By Alethea Joshi

Reading our report on the mental health needs of students moving between school, college and university sent me hurtling back to my own journey as a young adult. I turned up at university, fresh-faced and utterly bewildered by the unknowns that lay ahead, clutching a laptop and my fragile recovery. Despite graduating eight years ago, it seems that whilst the public conversation about mental health – then barely a whisper – has come on leaps and bounds, students are still facing similar concerns and barriers to support.

The year before I headed off to university, I was diagnosed with an anxiety disorder which turned my eighteenth year into one of social paralysis. It was difficult to go places or see friends. Even travelling to my sixth form college became a huge hurdle to be crossed each day. By the time I completed my A-levels, I had started receiving treatment through CAMHS and had even successfully transitioned into adult services ahead of starting university. I had a good therapist who kept me on her books when I went off to uni, so that I could have a follow-ups during the holidays.

I turned up at university, fresh-faced and utterly bewildered by the unknowns that lay ahead, clutching a laptop and my fragile recovery

So far, so (relatively) good. And whilst moving out, beginning a new course and forming a new social circle had initially seemed insurmountable, I actually think university helped to progress my recovery at that time. I was ‘forced out of the nest’, and in the midst of a bunch of strangers and a new life, my options were to survive or drop out. In some ways I thrived in that situation and from the outside, it seemed like I was coping better.

However, when things started to settle down, the same issues re-emerged. And this is where the problems with the current system became clear. My home mental health service had sent a letter to the university GP surgery explaining my history, but I turned up at the practice to find the letter had never been received. In this respect, I experienced no continuity of care and was expected to start again, which was far from reassuring at a time of upheaval. It would have been easy to fall through the gap without anyone noticing. And in terms of help to sustain my somewhat feeble recovery, I don’t recall being signposted to peer support or NHS services. The GPs seemed to have limited knowledge of whether my medication was having any impact, but never suggested that I see a psychiatrist for a review.

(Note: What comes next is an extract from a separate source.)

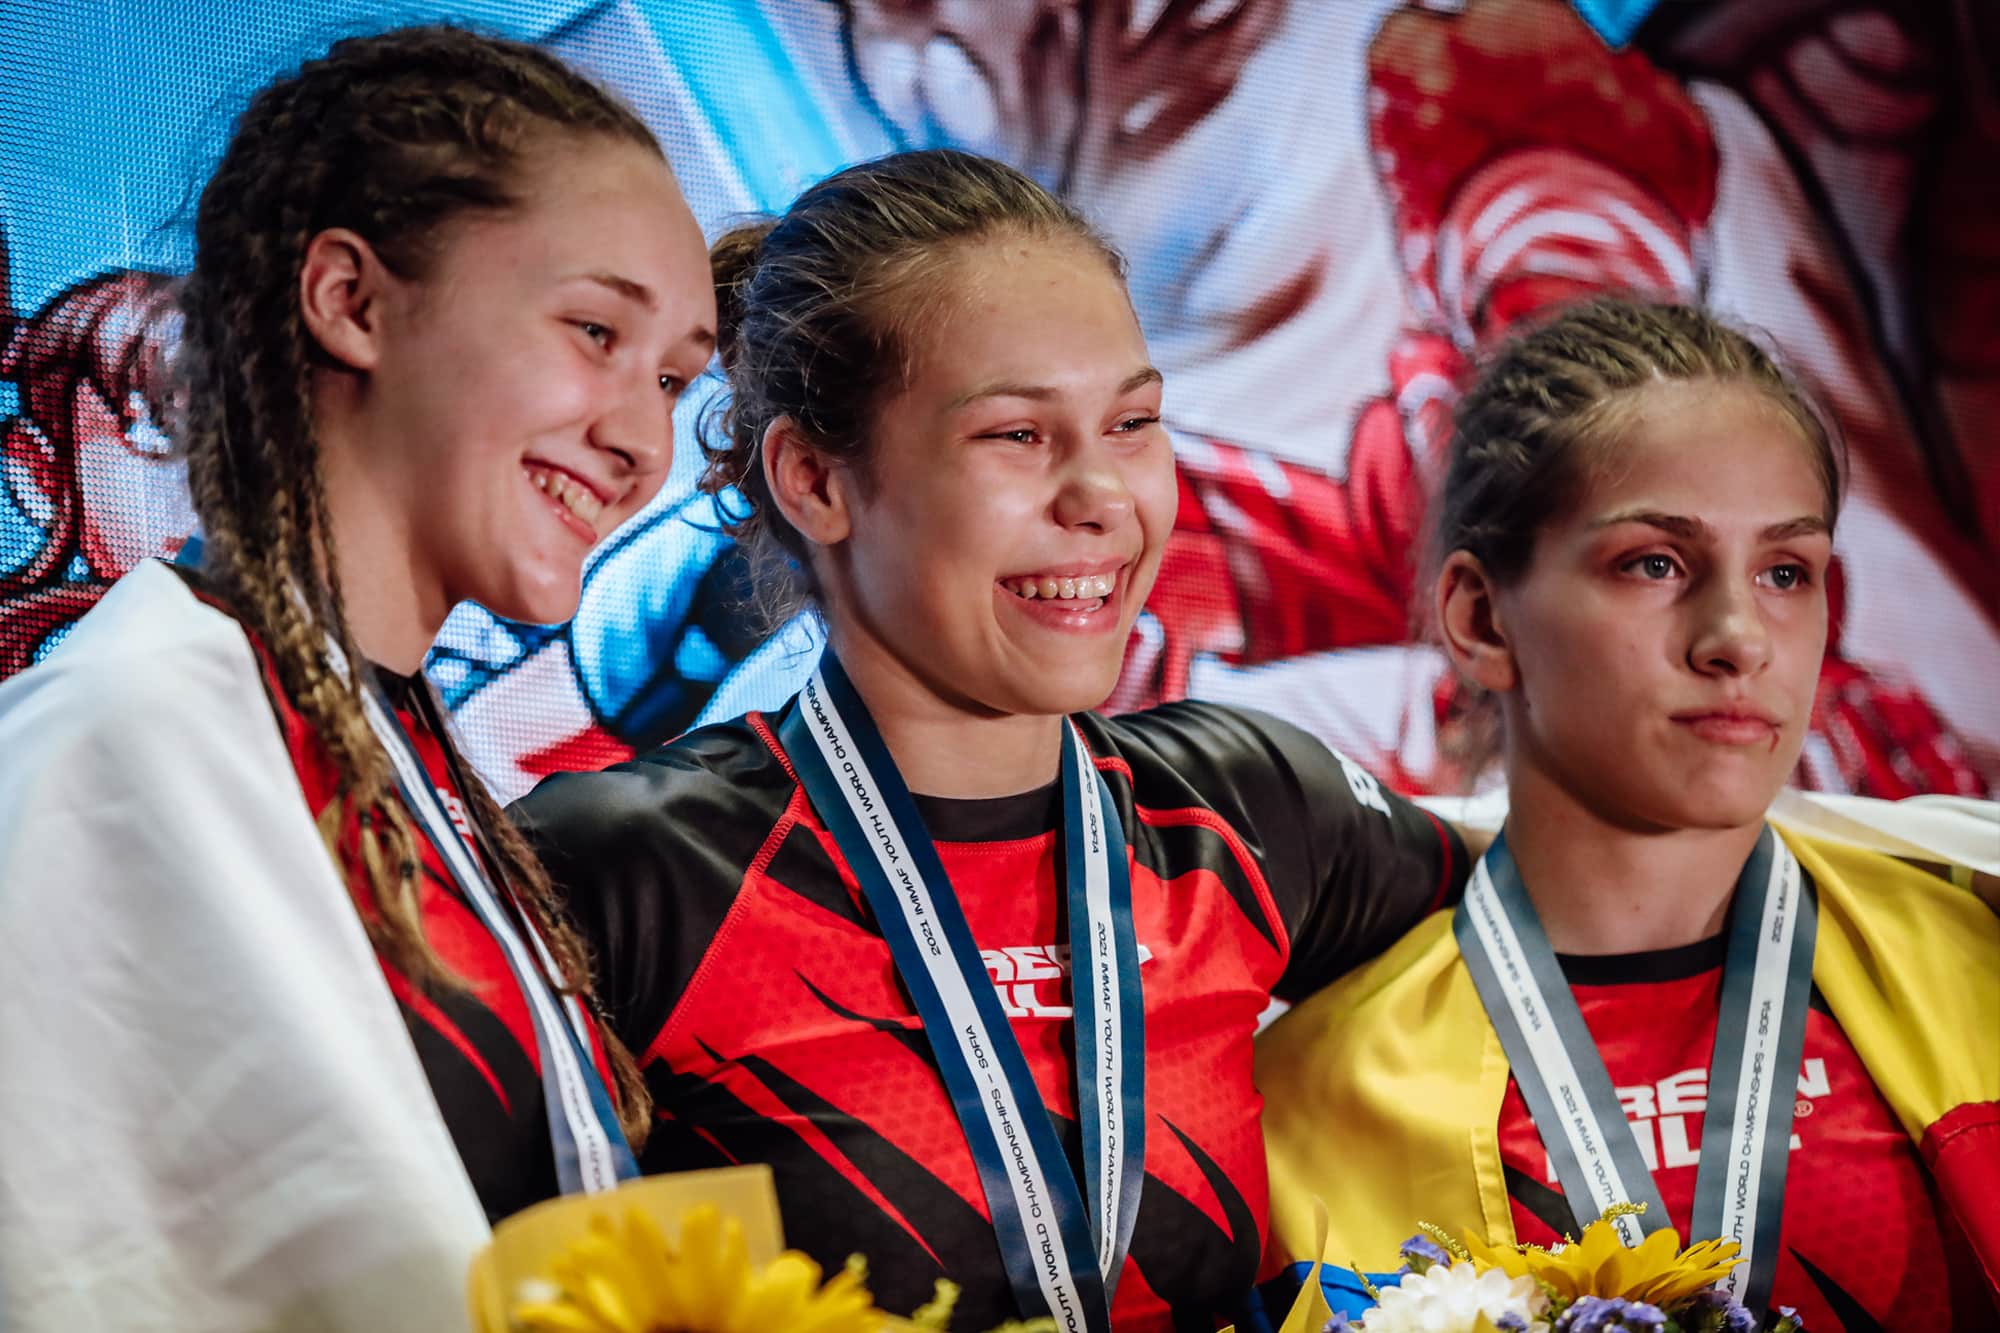 Featherweight queen Slavka Holubjakova will be back for more after winning IMMAF Youth World Championships for Slovakia

I was expected to start again, which was far from reassuring at a time of upheaval

Clearly these are not examples of clinical negligence, but rather of a system that does not work well for students. As Student Minds highlighted, NHS mental health services are not set up to support students who live in transience between home and university, who essentially divide their year between two separate places. Once again, my experience highlighted an NHS system which tends not to whirr into action until things have reached an unmanageable level of ‘bad’ in someone’s life. A humanities degree gave me a more flexible timetable than I will probably ever have again, ideal for accessing support to maintain my recovery. And yet it was only in the year after university, during a relapse, that I was referred for further support. Yet again, services were reactive rather than preventative, and I probably cost them more as a result.

Echoing the findings of our report, whilst I had fantastic support from my sixth form tutor during the initial illness, I was far more reluctant to share a very personal struggle with university lecturers who would probably have trouble recognising me. The students we spoke to for the report had experienced one-to-one support from sixth form tutors and were concerned that the transition to university would render them ‘just another face in the crowd’.

Yet again, services were reactive rather than preventative, and I probably cost them more as a result.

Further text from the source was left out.